22.3.3.2 (2) Dummy × Categorical: college × race4 (collapsed)

model_tv_dc <- lm(
  votetrump ~ collegeed*race4 + female + ideo,
  data = TV16
)

modelsummary(
  model_tv_dc,
  title = "LPM: college × race4 (Dummy × Categorical)",
  stars = TRUE
)
LPM: college × race4 (Dummy × Categorical)
(1)
+ p < 0.1, * p < 0.05, ** p < 0.01, *** p < 0.001
(Intercept) -0.604***
(0.009)
collegeed1 0.031*
(0.012)
race4Hispanic 0.179***
(0.012)
race4Other 0.253***
(0.013)
race4White 0.359***
(0.008)
female1 -0.035***
(0.004)
ideo 0.254***
(0.002)
collegeed1 × race4Hispanic -0.010
(0.019)
collegeed1 × race4Other -0.052**
(0.019)
collegeed1 × race4White -0.137***
(0.013)
Num.Obs. 43430
R2 0.410
R2 Adj. 0.410
AIC 38986.4
BIC 39081.9
Log.Lik. -19482.200
RMSE 0.38
plot_model(model_tv_dc, type = "pred", terms = c("race4", "collegeed")) +
  theme_minimal() +
  scale_y_continuous(labels = scales::percent)

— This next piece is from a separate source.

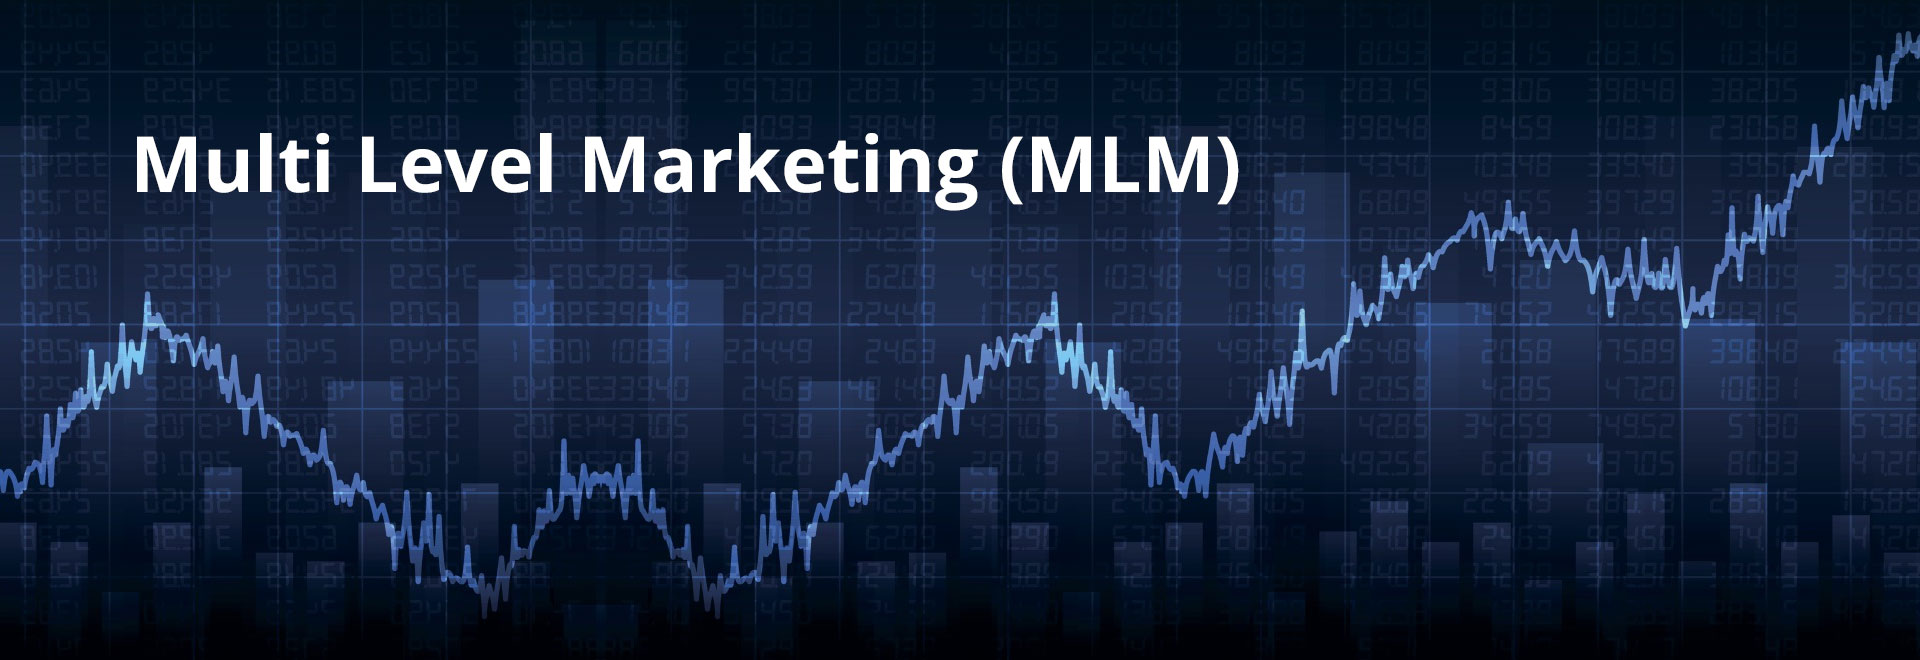 Multi Level Marketing (MLM)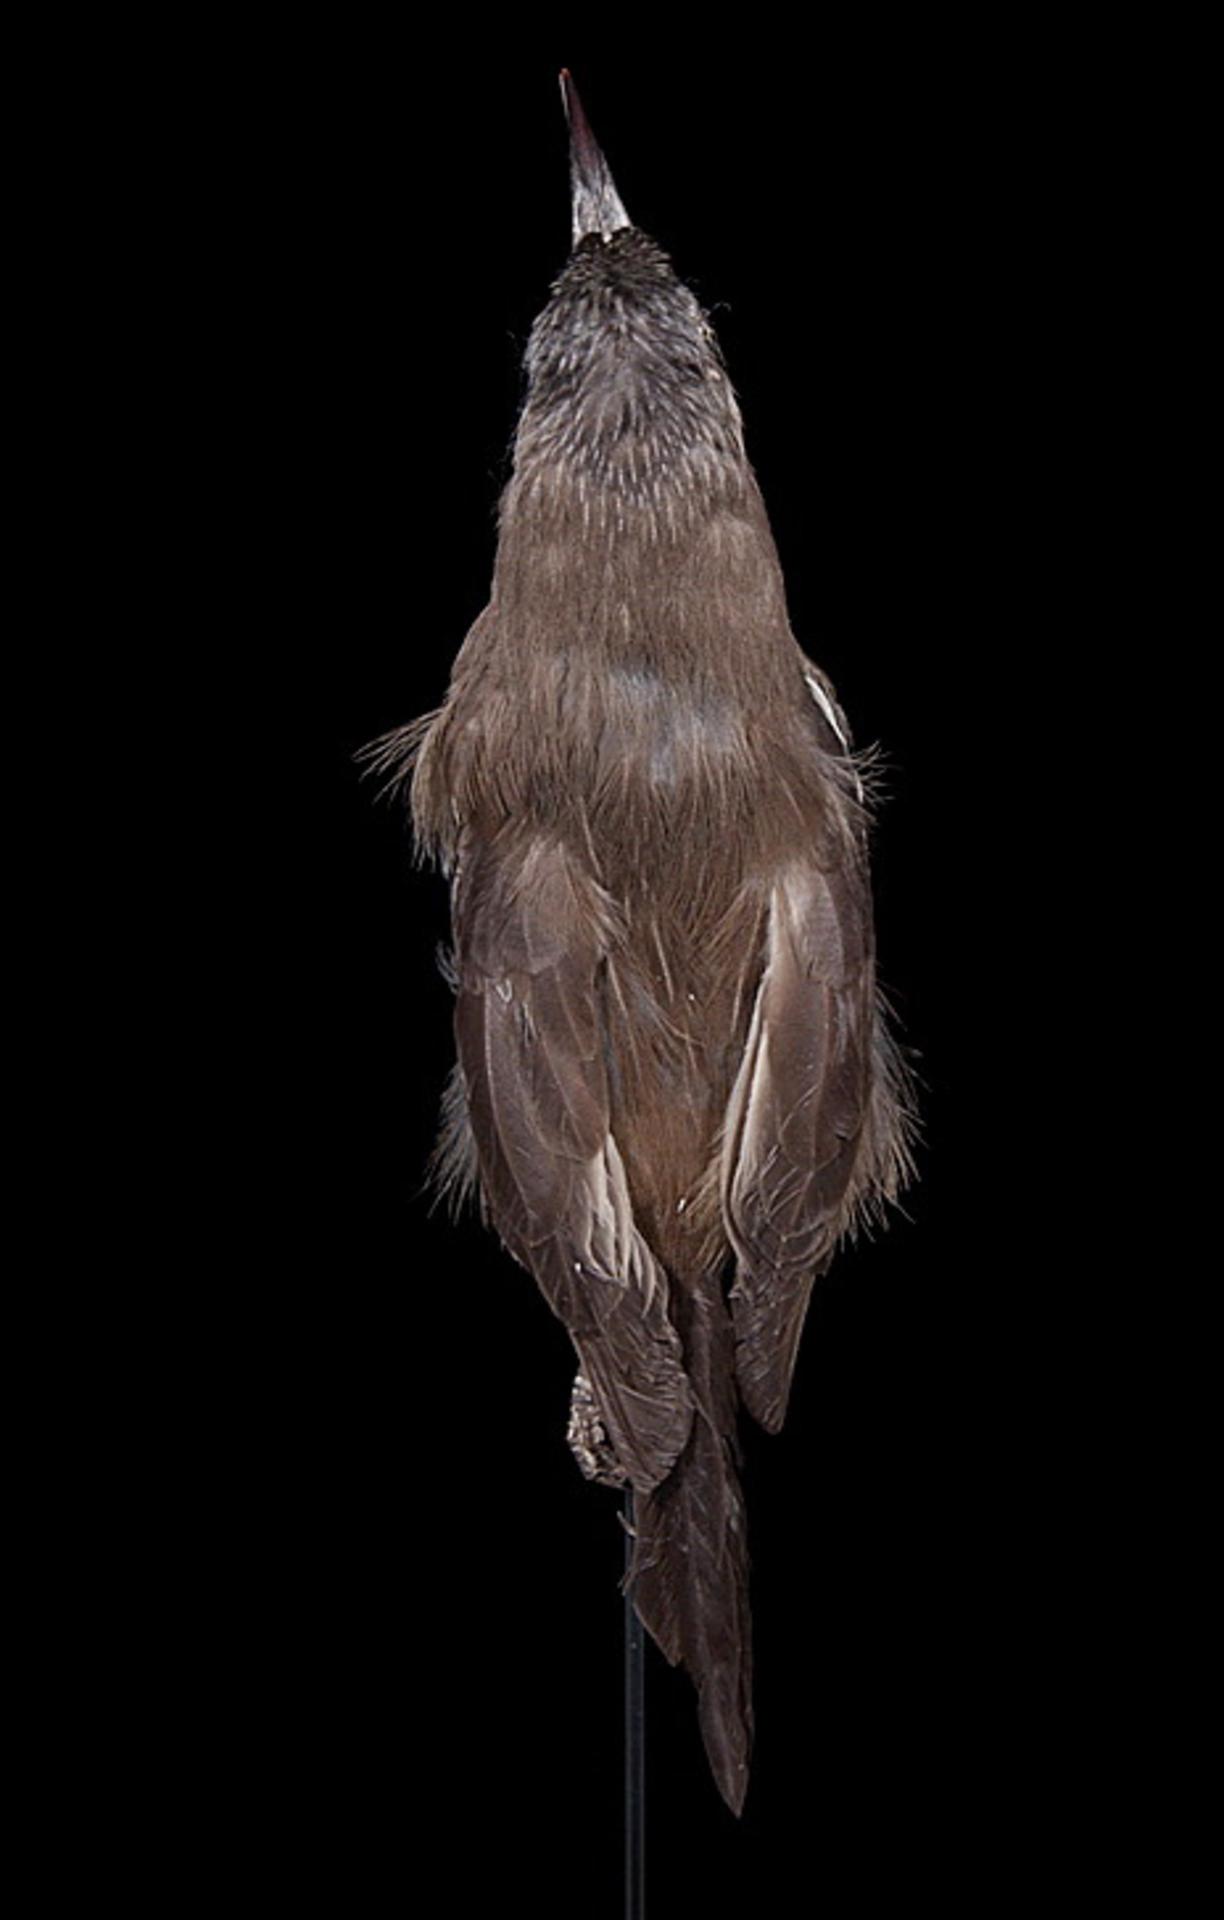 RMNH.AVES.110029   Moho braccatus Cassin, 1858

22.3.3.3 (3) Continuous × Continuous: ideology × racial resentment proxy (lemprac)

model_tv_cc <- lm(
  votetrump ~ ideo*lemprac + female + collegeed + race4,
  data = TV16
)

modelsummary(
  model_tv_cc,
  title = "LPM: ideo × lemprac (Continuous × Continuous)",
  stars = TRUE
)
LPM: ideo × lemprac (Continuous × Continuous)
(1)
+ p < 0.1, * p < 0.05, ** p < 0.01, *** p < 0.001
(Intercept) -0.499***
(0.008)
ideo 0.236***
(0.002)
lemprac 0.078***
(0.012)
female1 -0.023***
(0.004)
collegeed1 -0.075***
(0.004)
race4Hispanic 0.161***
(0.009)
race4Other 0.222***
(0.009)
race4White 0.285***
(0.006)
ideo × lemprac 0.025***
(0.004)
Num.Obs. 43428
R2 0.428
R2 Adj. 0.428
AIC 37647.4
BIC 37734.2
Log.Lik. -18813.719
RMSE 0.37
plot_model(model_tv_cc, type = "pred", terms = c("ideo", "lemprac [2,4,6]")) +
  theme_minimal() +
  scale_y_continuous(labels = scales::percent)
plot_slopes(model_tv_cc, variables = "ideo", condition = "lemprac") +
  geom_hline(yintercept = 0, linetype = "dotted") +
  theme_minimal()

22.4 Lecture Assignment

  1. In the turnout model (A.1), write the fitted line for ss = 0 and ss = 1. Identify the slope in each case.
  2. In the TV16 model (B.1), interpret the interaction sign: does ideology matter more or less among college-educated respondents?
  3. Pick two values of the continuous variable (e.g., ideo=2 and ideo=4). Compute the predicted probability for college vs non-college using the estimated coefficients and compare.